Figure 5.1 at least 2 times the highest frequency contained in the signal.Digital-to-analog conversion


Figure 5.2 at least 2 times the highest frequency contained in the signal.Types of digital-to-analog conversion


  • Data element vs. signal element at least 2 times the highest frequency contained in the signal.

    • What is a signal element here?

  • 2. Bit rate is the number of bits per second.

  • 2. Baud rate is the number of signal elements per second. 3. In the analog transmission of digital data, the baud rate is less than or equal to the bit rate.

  • S = N x 1/r baud r = log2L


Figure 5.3 at least 2 times the highest frequency contained in the signal.Binary amplitude shift keying

B = (1+d) x S = (1+d) x N x 1/r


Figure 5.4 at least 2 times the highest frequency contained in the signal.Implementation of binary ASK


Figure 5.6 at least 2 times the highest frequency contained in the signal.Binary frequency shift keying


Figure 5.9 at least 2 times the highest frequency contained in the signal.Binary phase shift keying


Figure 5.12 at least 2 times the highest frequency contained in the signal.Concept of a constellation diagram


Figure 5.13 at least 2 times the highest frequency contained in the signal.Three constellation diagrams


Qam quadrature amplitude modulation
QAM – Quadrature Amplitude Modulation at least 2 times the highest frequency contained in the signal.

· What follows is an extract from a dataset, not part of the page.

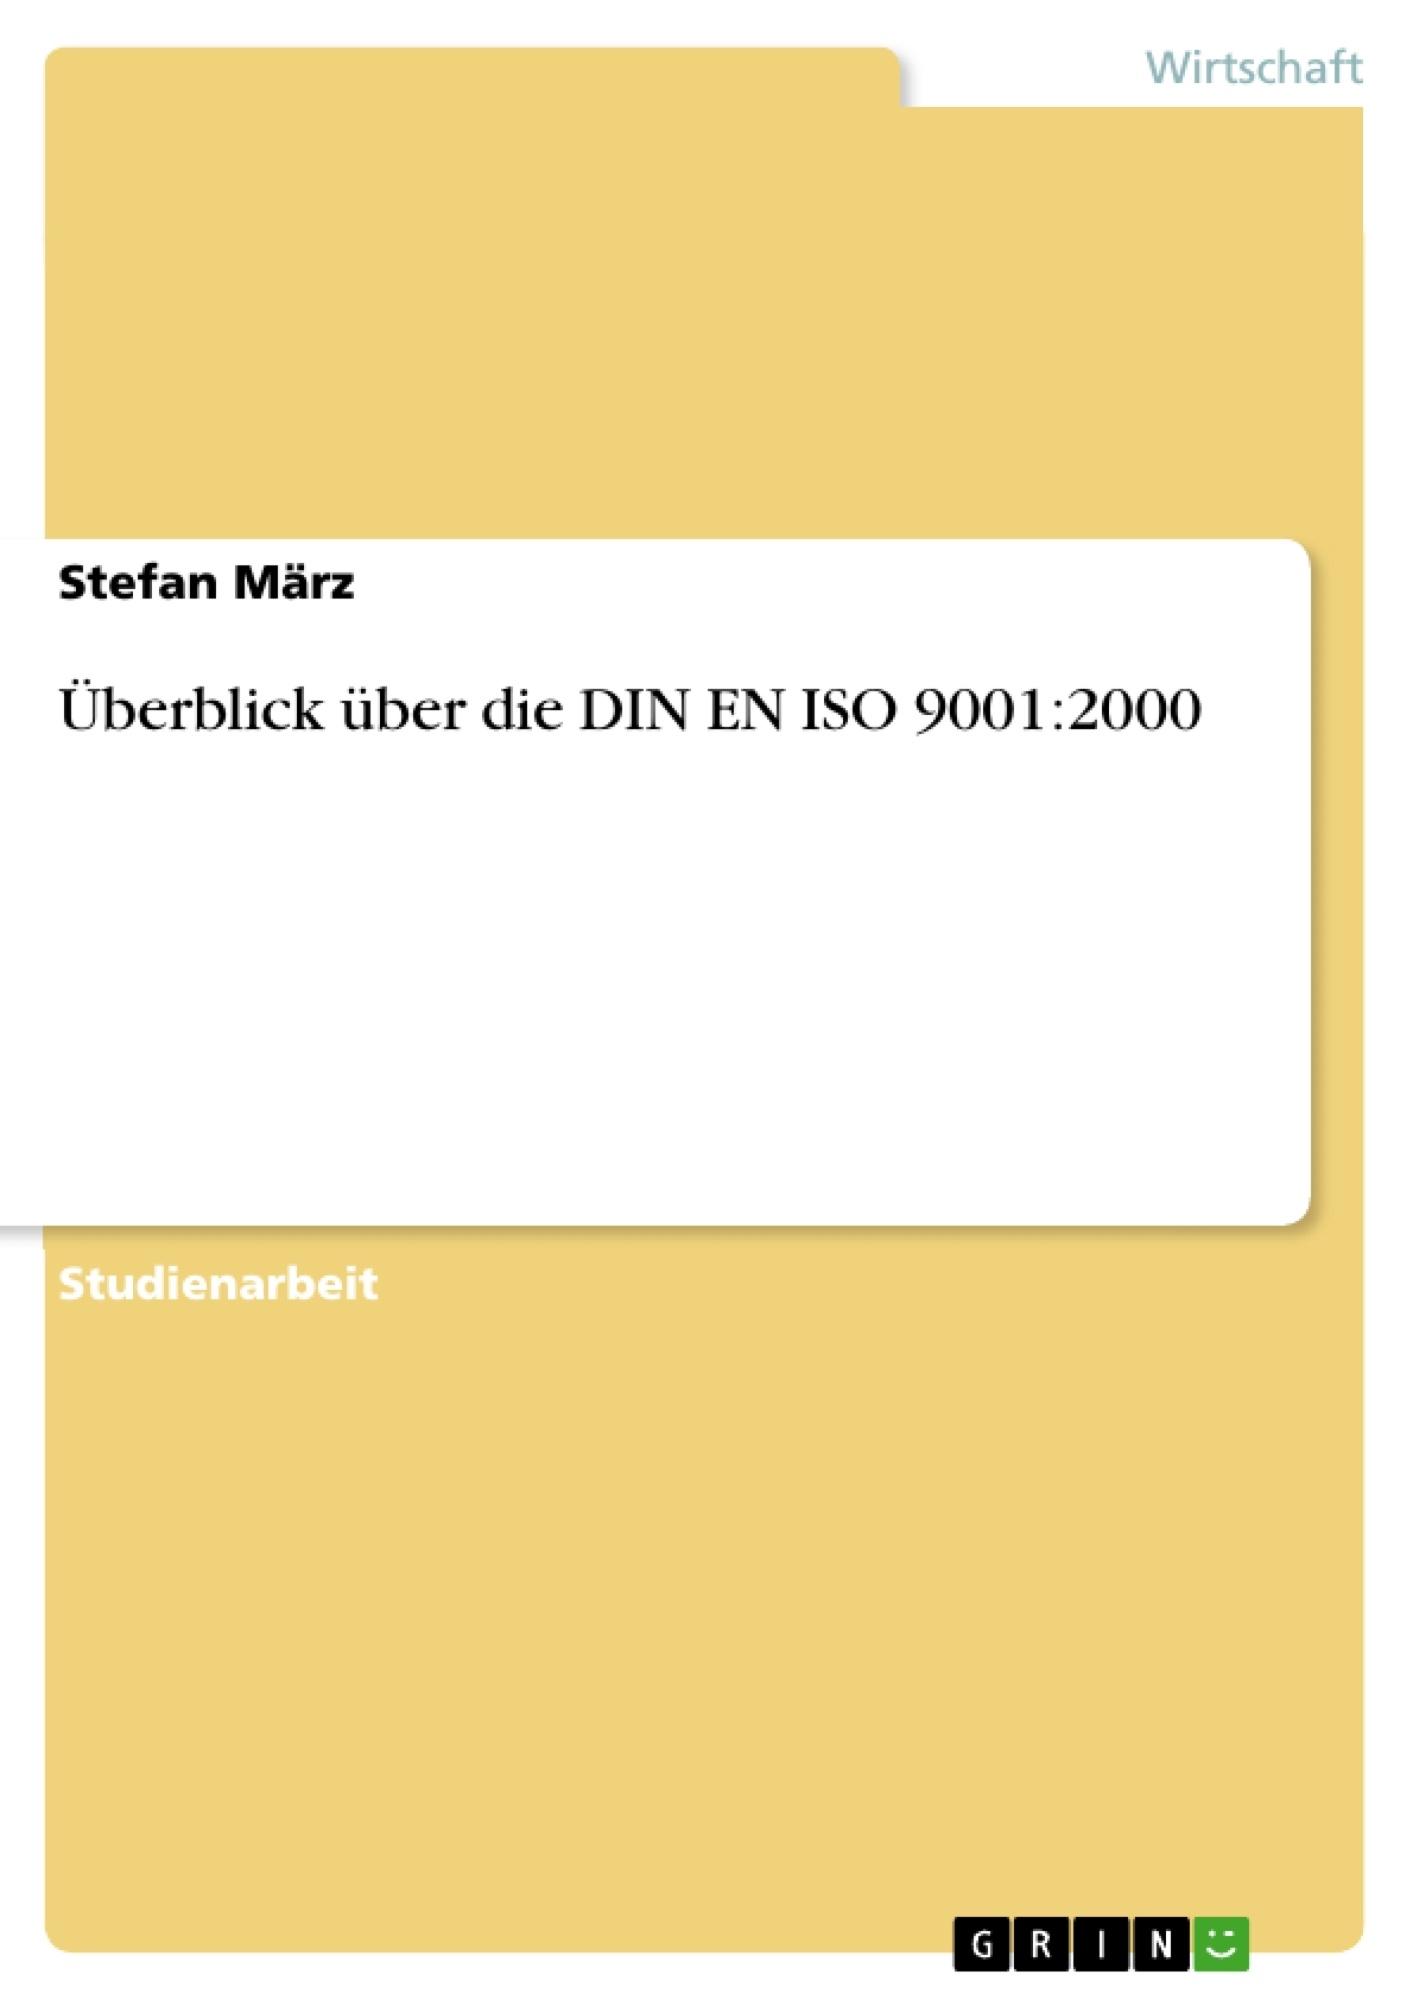 Titel: Überblick über die DIN EN ISO 9001:2000

  • Modulation technique used in the cable/video networking world

  • Instead of a single signal change representing only 1 bps – multiple bits can be represented buy a single signal change

  • Combination of phase shifting and amplitude shifting (8 phases, 2 amplitudes)


Figure 5.14 at least 2 times the highest frequency contained in the signal.Constellation diagrams for some QAMs


5. ANALOG AND DIGITAL at least 2 times the highest frequency contained in the signal.

Analog-to-analog conversion is the representation of analog information by an analog signal.

Modulation is needed if the medium is bandpass in nature or if only a bandpass channel is available to us.

Example: radio stations


Figure 5.15 at least 2 times the highest frequency contained in the signal.Types of analog-to-analog modulation


Figure 5.16 at least 2 times the highest frequency contained in the signal.Amplitude modulation

The total bandwidth required for AM can be determined from the bandwidth of the audio signal: BAM = 2B.


Figure 5.17 at least 2 times the highest frequency contained in the signal.AM band allocation


Figure 5.18 at least 2 times the highest frequency contained in the signal.Frequency modulation


Figure 5.19 at least 2 times the highest frequency contained in the signal.FM band allocation

The total bandwidth required for FM can be determined from the bandwidth of the audio signal: BFM = 2(1 + β)B. β has a common value of 4


Figure 5.20 at least 2 times the highest frequency contained in the signal.Phase modulation

The total bandwidth required for PM can be determined from the bandwidth and maximum amplitude of the modulating signal:BPM = 2(1 + β)B.